## PROBLEM TO SOLVE
In the data below, find the line containing "Handmade Stone Harbor" and the line containing "Lot of 2 Cisco", then reproduce them and every line between, exactly. Omit pictures.

## RECORDS
--- START ---
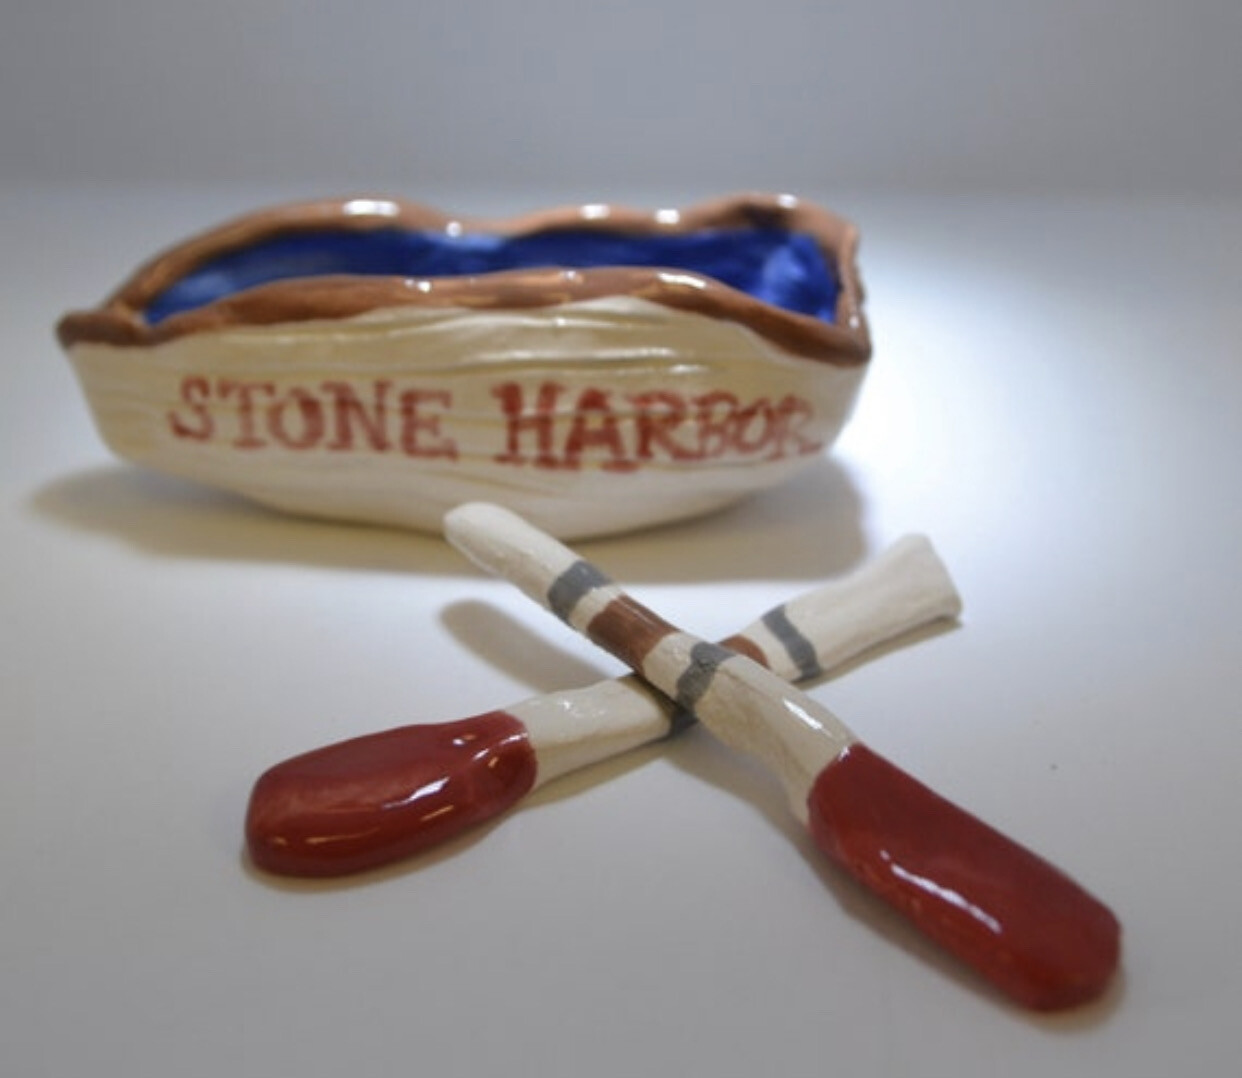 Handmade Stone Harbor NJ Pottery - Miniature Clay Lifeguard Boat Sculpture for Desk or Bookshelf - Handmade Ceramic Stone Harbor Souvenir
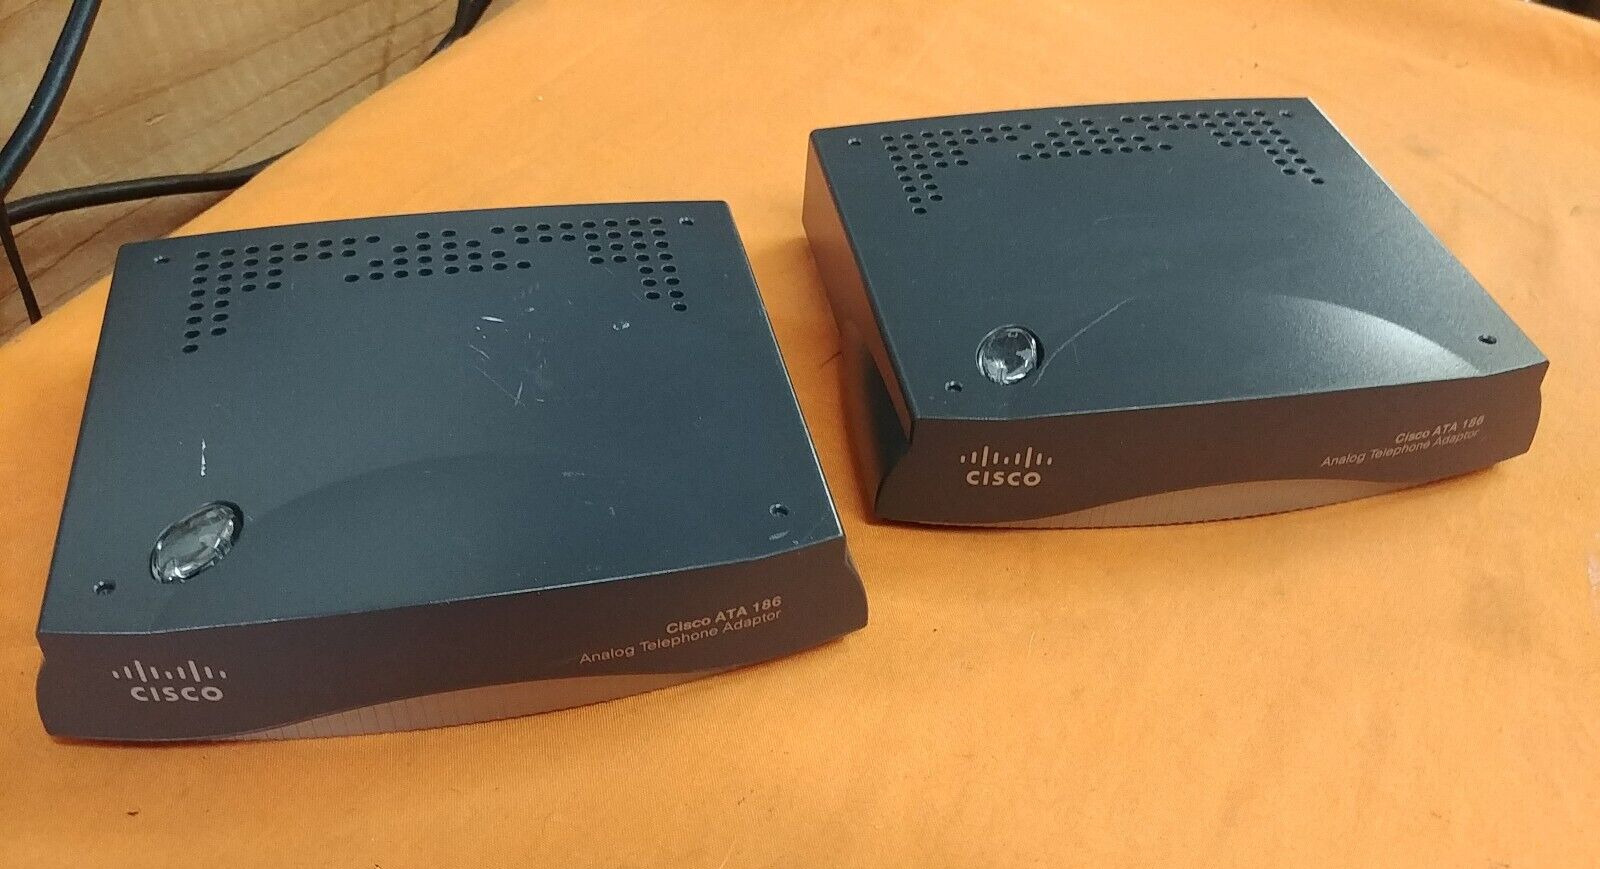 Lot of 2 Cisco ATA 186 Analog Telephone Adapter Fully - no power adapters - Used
--- END ---
--- START ---
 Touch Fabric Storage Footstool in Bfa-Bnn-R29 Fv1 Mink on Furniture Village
--- END ---
--- START ---
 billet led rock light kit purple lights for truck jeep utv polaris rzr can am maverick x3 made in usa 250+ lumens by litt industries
--- END ---
## OUTPUT OF THE EXERCISE
 Handmade Stone Harbor NJ Pottery - Miniature Clay Lifeguard Boat Sculpture for Desk or Bookshelf - Handmade Ceramic Stone Harbor Souvenir
 Lot of 2 Cisco ATA 186 Analog Telephone Adapter Fully - no power adapters - Used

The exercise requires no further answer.